> **Task statement**: Some lines below hold "Pocket". Pick them out and copy them.
==== Supplied records
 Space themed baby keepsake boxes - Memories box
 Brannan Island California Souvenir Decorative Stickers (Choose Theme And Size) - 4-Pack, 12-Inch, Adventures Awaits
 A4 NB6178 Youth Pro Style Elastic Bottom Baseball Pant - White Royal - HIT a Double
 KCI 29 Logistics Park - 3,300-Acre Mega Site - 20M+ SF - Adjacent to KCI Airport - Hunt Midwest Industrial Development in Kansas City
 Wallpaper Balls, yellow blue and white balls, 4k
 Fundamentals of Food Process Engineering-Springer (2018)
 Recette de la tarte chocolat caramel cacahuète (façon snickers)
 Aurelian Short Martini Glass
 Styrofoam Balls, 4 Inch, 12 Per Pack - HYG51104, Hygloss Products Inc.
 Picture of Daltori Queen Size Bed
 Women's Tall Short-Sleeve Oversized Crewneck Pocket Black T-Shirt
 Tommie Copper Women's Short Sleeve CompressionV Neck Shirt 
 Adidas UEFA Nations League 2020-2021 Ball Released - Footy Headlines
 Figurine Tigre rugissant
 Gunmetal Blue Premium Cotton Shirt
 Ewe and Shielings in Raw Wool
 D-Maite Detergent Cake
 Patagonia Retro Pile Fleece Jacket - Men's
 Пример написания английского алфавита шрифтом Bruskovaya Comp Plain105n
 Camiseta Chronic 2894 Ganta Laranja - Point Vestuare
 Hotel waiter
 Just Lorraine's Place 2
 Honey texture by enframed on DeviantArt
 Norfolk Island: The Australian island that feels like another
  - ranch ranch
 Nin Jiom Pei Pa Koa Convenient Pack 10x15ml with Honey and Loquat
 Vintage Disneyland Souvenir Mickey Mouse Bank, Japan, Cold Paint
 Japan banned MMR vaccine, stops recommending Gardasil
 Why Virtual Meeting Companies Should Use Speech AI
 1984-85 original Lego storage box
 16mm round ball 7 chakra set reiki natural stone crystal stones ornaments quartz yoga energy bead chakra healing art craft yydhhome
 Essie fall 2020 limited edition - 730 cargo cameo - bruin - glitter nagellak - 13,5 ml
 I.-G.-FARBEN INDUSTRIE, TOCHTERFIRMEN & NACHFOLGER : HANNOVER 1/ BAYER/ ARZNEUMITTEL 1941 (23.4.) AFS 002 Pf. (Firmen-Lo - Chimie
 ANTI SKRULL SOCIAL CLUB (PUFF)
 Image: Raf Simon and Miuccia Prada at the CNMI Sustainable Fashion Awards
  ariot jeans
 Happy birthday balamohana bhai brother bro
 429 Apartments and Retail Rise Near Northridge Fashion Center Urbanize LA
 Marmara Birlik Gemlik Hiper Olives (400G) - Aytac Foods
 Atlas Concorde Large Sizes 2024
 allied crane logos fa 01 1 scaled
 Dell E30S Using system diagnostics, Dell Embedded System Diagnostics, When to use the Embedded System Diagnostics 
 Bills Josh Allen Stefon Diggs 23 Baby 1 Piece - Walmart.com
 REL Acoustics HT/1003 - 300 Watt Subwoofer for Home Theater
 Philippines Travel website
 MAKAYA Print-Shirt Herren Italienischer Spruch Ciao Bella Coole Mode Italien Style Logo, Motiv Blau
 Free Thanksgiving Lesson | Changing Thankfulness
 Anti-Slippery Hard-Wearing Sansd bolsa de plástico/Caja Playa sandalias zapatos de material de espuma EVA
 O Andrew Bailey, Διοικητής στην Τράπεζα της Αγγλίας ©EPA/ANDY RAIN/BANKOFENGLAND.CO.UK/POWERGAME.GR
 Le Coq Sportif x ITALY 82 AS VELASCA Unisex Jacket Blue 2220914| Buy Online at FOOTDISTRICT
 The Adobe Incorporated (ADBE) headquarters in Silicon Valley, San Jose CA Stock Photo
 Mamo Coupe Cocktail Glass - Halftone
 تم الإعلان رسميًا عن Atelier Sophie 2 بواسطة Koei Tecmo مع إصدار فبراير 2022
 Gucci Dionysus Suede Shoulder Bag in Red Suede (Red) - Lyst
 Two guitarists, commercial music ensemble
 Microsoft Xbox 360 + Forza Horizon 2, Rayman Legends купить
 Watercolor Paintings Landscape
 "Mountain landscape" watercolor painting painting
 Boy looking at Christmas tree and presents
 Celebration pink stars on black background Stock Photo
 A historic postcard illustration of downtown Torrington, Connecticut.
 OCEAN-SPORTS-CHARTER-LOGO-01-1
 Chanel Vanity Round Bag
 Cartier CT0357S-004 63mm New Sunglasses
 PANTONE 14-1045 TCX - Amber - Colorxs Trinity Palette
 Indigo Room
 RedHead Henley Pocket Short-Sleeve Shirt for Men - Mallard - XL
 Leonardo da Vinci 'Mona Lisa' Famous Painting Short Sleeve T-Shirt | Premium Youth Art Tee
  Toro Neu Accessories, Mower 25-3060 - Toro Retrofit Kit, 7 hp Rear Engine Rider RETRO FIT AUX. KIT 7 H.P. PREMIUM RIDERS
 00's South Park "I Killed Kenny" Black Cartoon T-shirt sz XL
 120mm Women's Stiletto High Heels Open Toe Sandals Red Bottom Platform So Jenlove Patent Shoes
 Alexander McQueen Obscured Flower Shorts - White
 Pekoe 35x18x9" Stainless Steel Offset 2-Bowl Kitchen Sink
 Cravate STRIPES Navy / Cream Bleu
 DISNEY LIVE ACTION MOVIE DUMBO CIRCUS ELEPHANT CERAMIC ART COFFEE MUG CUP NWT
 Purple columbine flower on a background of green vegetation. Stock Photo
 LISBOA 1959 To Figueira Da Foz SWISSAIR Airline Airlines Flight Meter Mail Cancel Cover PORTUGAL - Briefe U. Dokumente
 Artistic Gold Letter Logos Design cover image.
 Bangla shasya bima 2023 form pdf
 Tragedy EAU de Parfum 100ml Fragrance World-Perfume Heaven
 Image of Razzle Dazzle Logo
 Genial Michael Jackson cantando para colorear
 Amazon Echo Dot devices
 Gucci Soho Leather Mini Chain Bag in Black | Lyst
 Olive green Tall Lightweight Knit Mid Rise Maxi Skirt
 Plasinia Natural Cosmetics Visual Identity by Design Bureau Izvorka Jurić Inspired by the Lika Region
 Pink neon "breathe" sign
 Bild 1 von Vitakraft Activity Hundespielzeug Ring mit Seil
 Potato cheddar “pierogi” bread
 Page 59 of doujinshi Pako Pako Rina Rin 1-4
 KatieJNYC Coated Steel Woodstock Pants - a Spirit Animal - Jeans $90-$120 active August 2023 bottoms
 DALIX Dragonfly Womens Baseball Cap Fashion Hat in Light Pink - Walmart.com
========
> **Answer space**:
 Women's Tall Short-Sleeve Oversized Crewneck Pocket Black T-Shirt
 RedHead Henley Pocket Short-Sleeve Shirt for Men - Mallard - XL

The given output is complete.